Филимон поклонился, приложив руку к сердцу, и предложил встретиться у него, как стемнеет. Живет он одиноко. Можно хоть до утра песни во всю глотку орать – никто не услышит.
– Так-таки никто?
– А некому!
– Ты какое вино больше любишь, Филимон Степаныч?
– Рейнское.
– Ну, ужо будет тебе рейнское, принесу. Ты на улице встреть только!
– Встречу.
Простившись до вечера с Матоней, Митря с Филимоном, прихватив с собой косоротого Максюту, сели в крытый возок да отправились на Славенский конец. Там, по словам Филимона, и жила его чадолюбивая соседка. Вечерком туда же, правда, не к соседке, а к Филимону, должен был наведаться Матоня.
Ехали как-то странно. Сначала по Трубе. Потом зачем-то свернули в Дубошин переулок. Потом продирались каким-то полем, пока не выехали непонятно куда – то ли на Ильина, то ли на Нутную. Филимон пояснил, что так быстрее. Ну, быстрее так быстрее – ему видней. И правда, вскоре приехали.

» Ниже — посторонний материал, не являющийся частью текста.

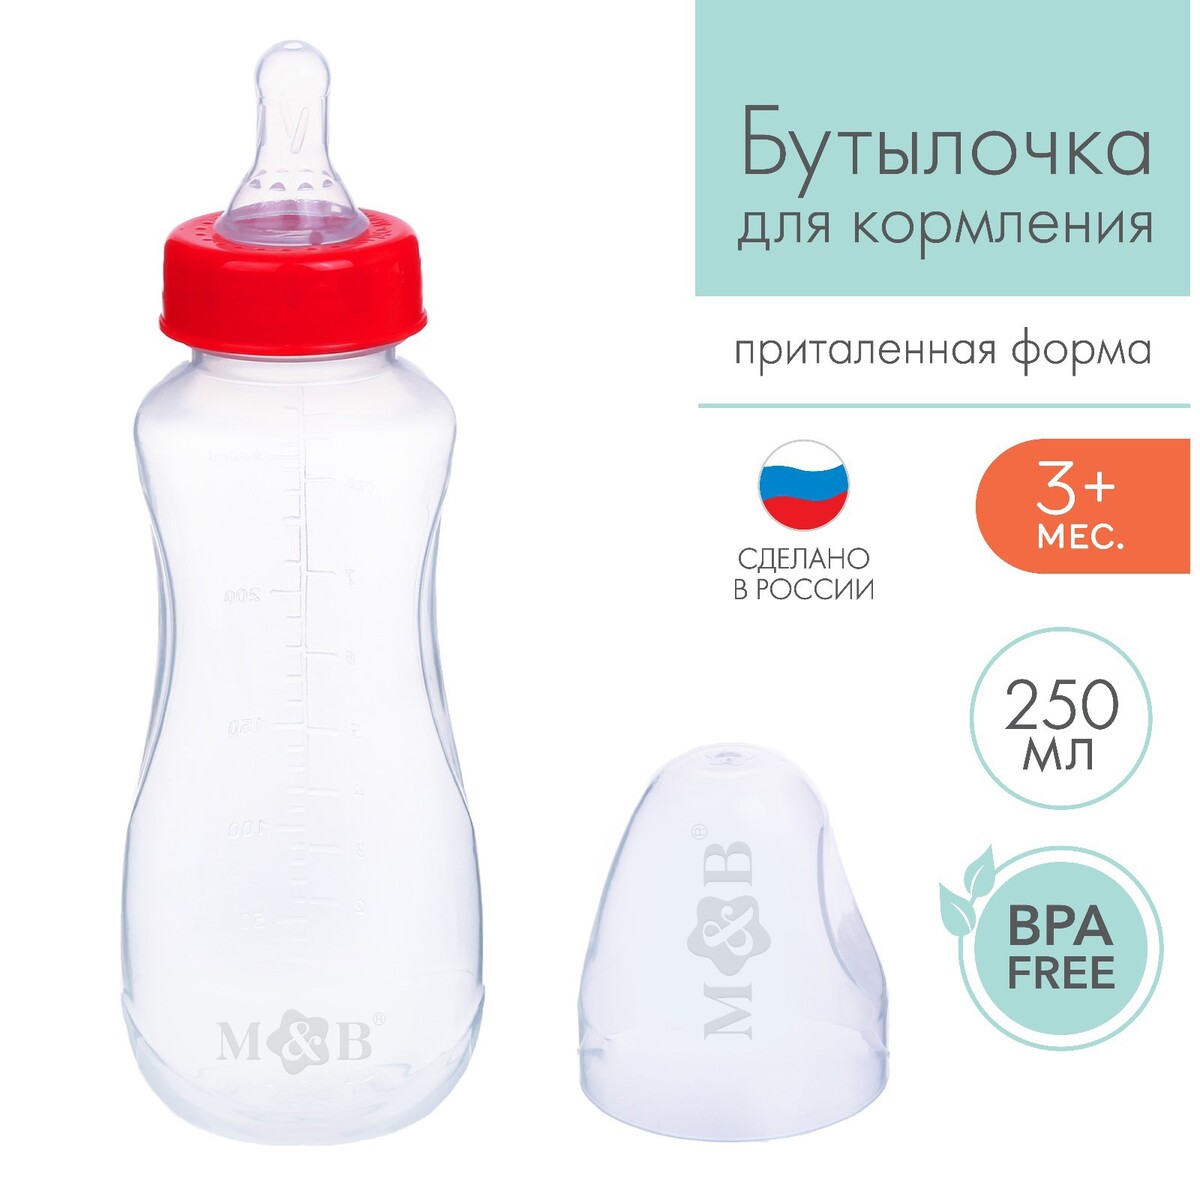 Бутылочка для кормления, классическое горло, приталенная, 250 мл., от 3 мес., цвет красный бутылочка для кормления m

Постучав в калитку, стражник что-то сказал вышедшей из дома женщине – дородной, русоголовой, с длинной толстой косой. Во дворе, перед домом играли дети, девочка и мальчик – светлоголовые, сероглазые, лет по двенадцати. Проходя мимо, Митря угостил детей специально припасенными пряниками, погладил по головам. Ну, вскорости будет доволен Аттамир-мирза.
Зайдя в избу, Филимон вдруг резко нырнул куда-то в сторону. А вошедший вслед за ним Митря остановился как вкопанный.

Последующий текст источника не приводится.